We have shown that probes containing G-spots are typically highly correlated with each other and uncorrelated with the other members of their own probesets. When one of these probes has a high intensity it is therefore likely that other G-spot probes have high intensities. Thus a high intensity for a G-spot probe cannot be regarded as evidence that its target gene is highly expressed. Of course the G-spot probe will stand out as an outlier if the other probes in its probeset give a contradictory impression and this will cause no problem. However, if a G-spot probe has a high value (because on this array G-spot probes happen to have high values) and the other probes in the probe set have high values (because the gene is well expressed) then the G-spot probe will not be excluded in calculations of overall gene expression, even though its value is not affected by the gene, but by the conditions under which the array was treated. It is important not to rely on outlier detection procedures to throw out misleading G-spot values. The truly misleading values are those that appear to tentatively support others in their probe set. Designers of future high-density oligonucleotide arrays need to avoid runs of contiguous guanines and any other such sequences that act to stabilise probe-probe interactions between pairs of otherwise unrelated probes. For existing designs, G-spot probes should be eliminated from consideration before the analysis commences.

Methods

During 2007 we downloaded CEL files from the NCBI Gene Expression Omnibus (GEO) repository. By the end of that year we had tens of thousands of CEL files, including 6685 examples of the most popular GeneChip produced by Affymetrix for the human genome: the HG-U133A array. These CEL files, from 162 separate GEO series (GSE) of experiments, were created between January 2002 and February 2006 and subsequently uploaded to GEO by many independent experimenters.

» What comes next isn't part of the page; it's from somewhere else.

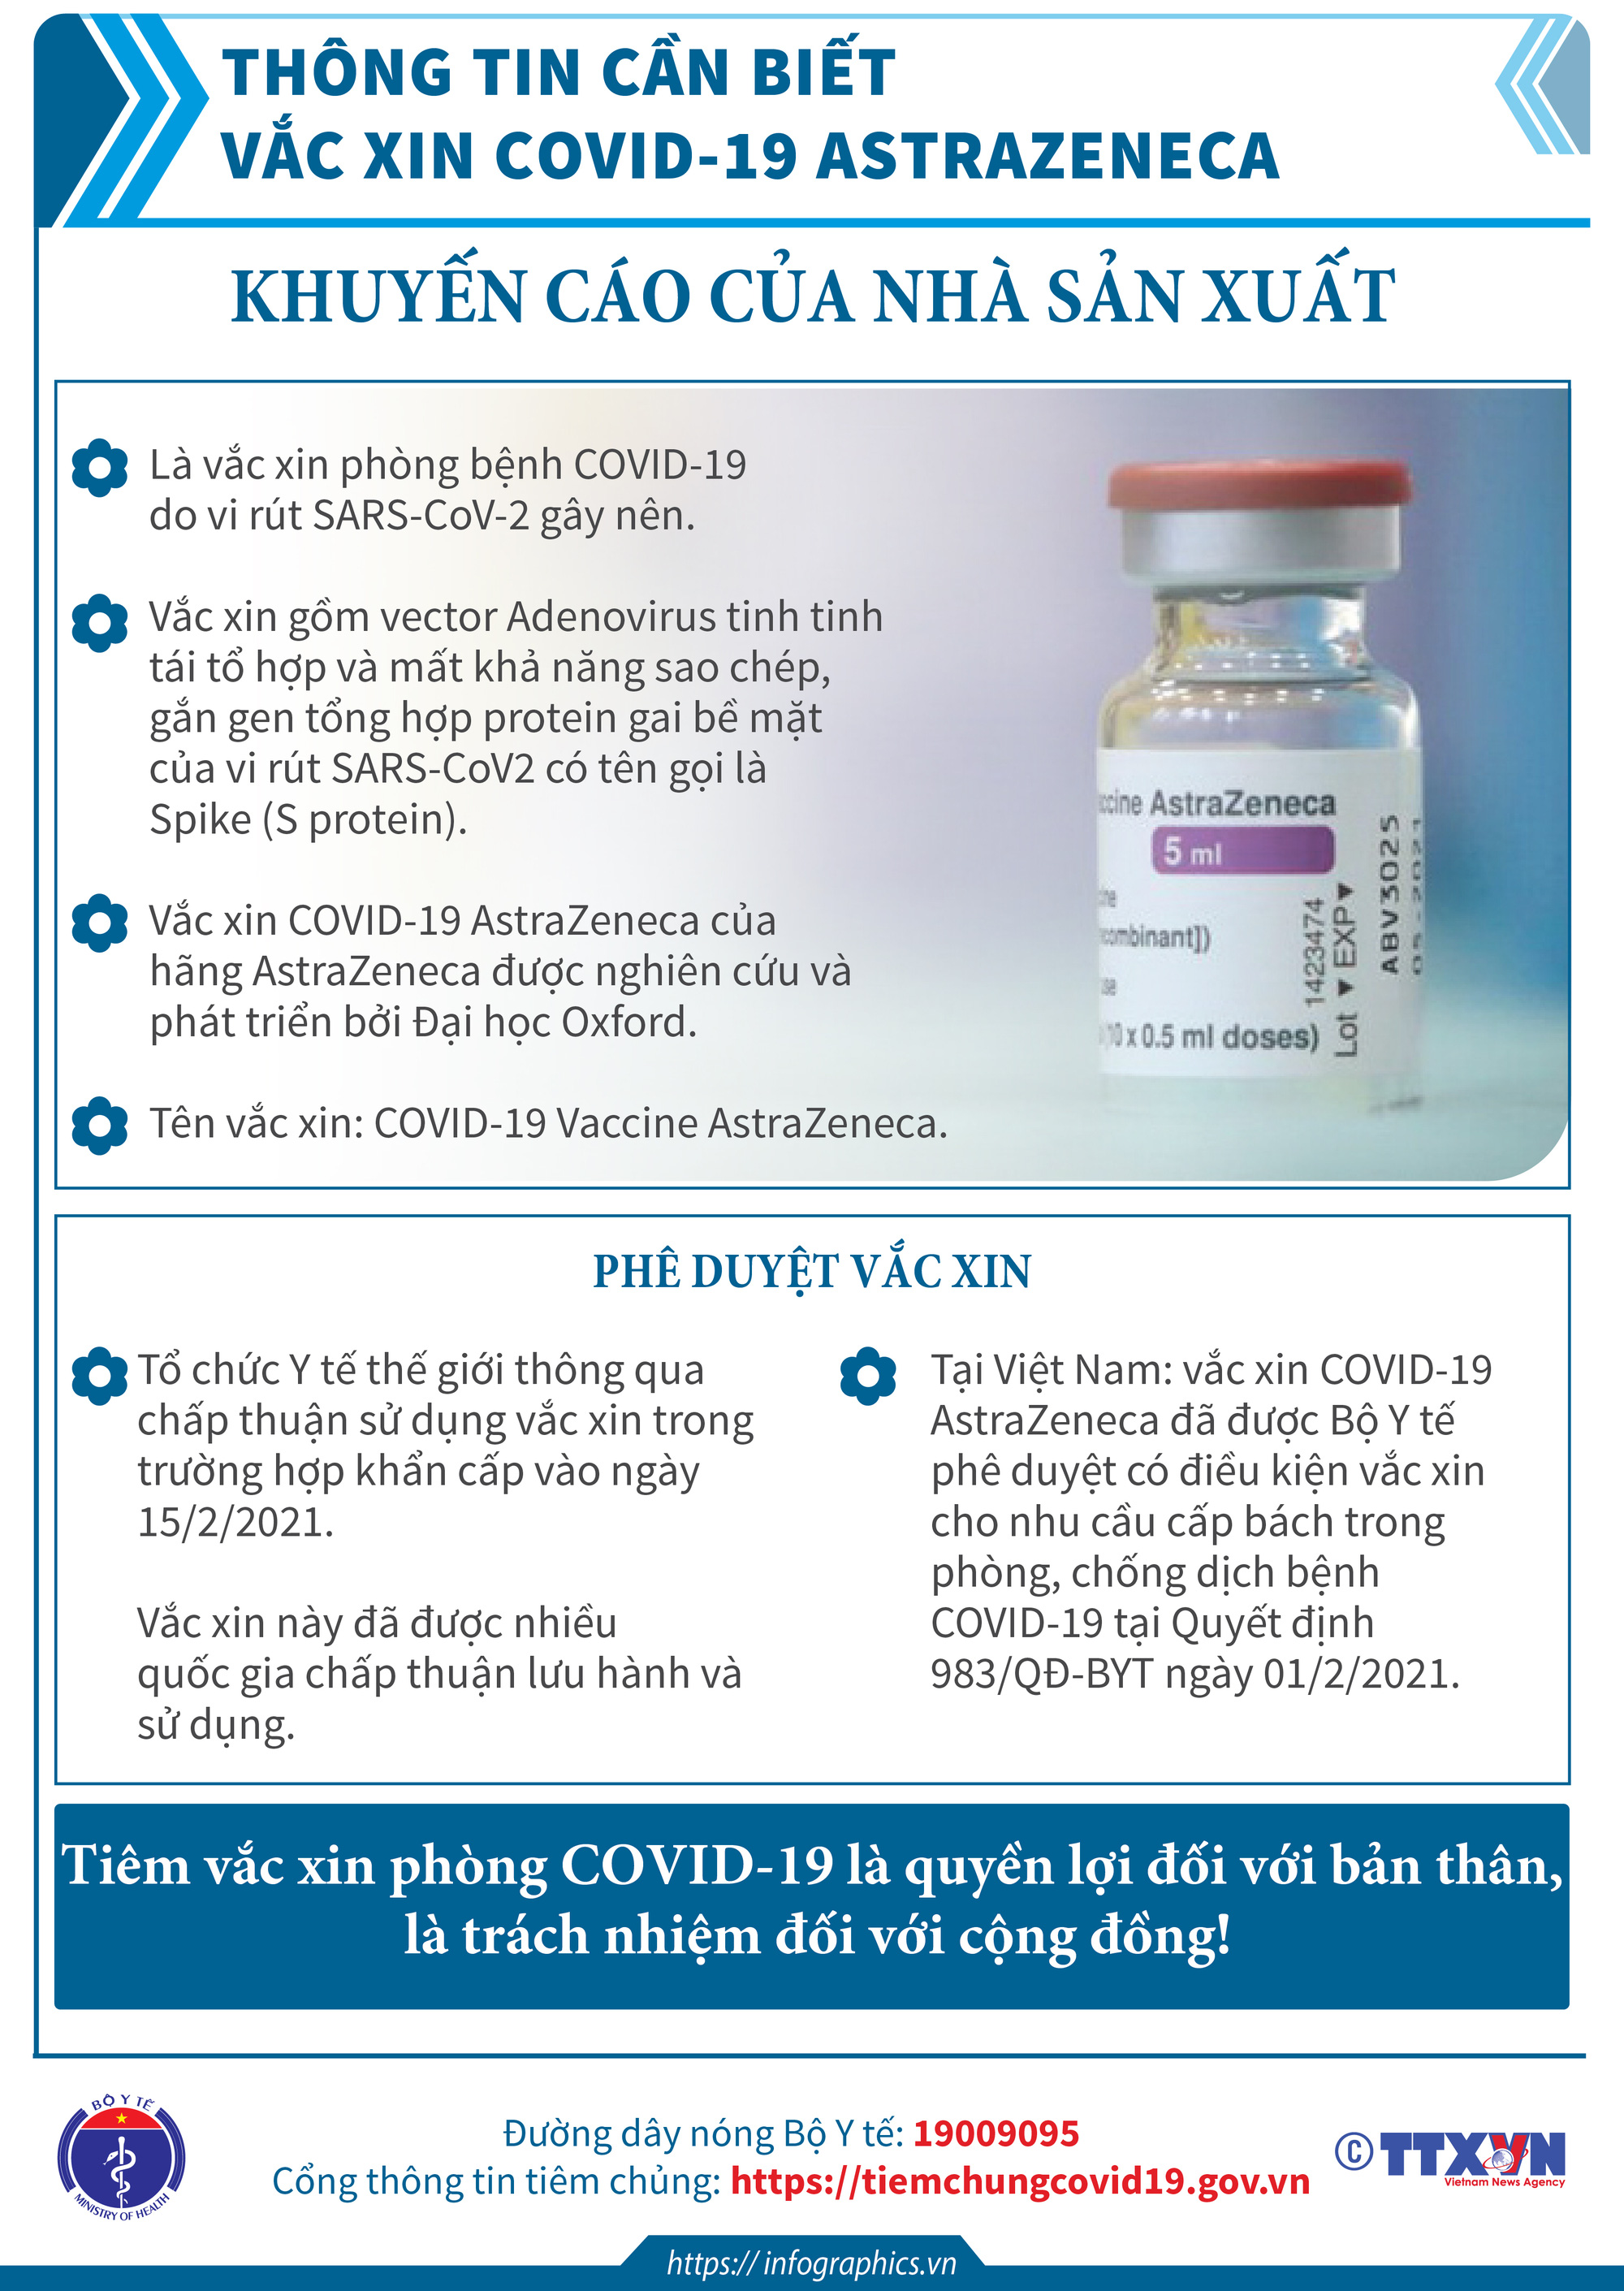 Thông tin cần biết về một số vaccine COVID-19 đang triển khai tiêm chủng tại Việt Nam. - Ảnh 1.

The next step was to create "heatmaps" (such as Fig. 1) illustrating the values of the correlation coefficients (in the log space) between all pairs of probes within each probe set. These were created using information from all the 6685 CEL files. Each CEL file was separately log normalised and potential spatial flaws identified[18]. To avoid problems with results being dominated by a few outliers we excluded data for each probe if they were more than three standard deviations from the probe's mean. Secondly we excluded not only data flagged as potentially part of a spatial flaw but also data within 60 μ m of a spatial flaw. Even after this ultra-cautious treatment, we had many thousands of data for each of approximately half a million probes. The resulting 22 299 visualisations are at http://bioinformatics.essex.ac.uk/users/wlangdon/HG-U133A. Inspection of the heatmaps provided an efficient method for identifying probes that, despite having reasonable average magnitudes, had low values of the correlation coefficient when paired with other probes included in their subset.

When calculating the correlation coefficient between probes containing runs of Gs, firstly only PM and MM probes with a single sequence of 2 or more Gs were selected. These were then divided into subgroups according to the length of the run of Gs and the location of the first G in the sequence. To avoid inflating the average correlation coefficient by including probes that would have been expected to be correlated in the absence of the G-spot effect, within each subgroup only the first probe in any probe set was used. Similarly where probes have identical sequences, only one was include in the averages. In Tables 1, 2 and 3 all possible correlation coefficients between pairs of probes were calculated and averaged.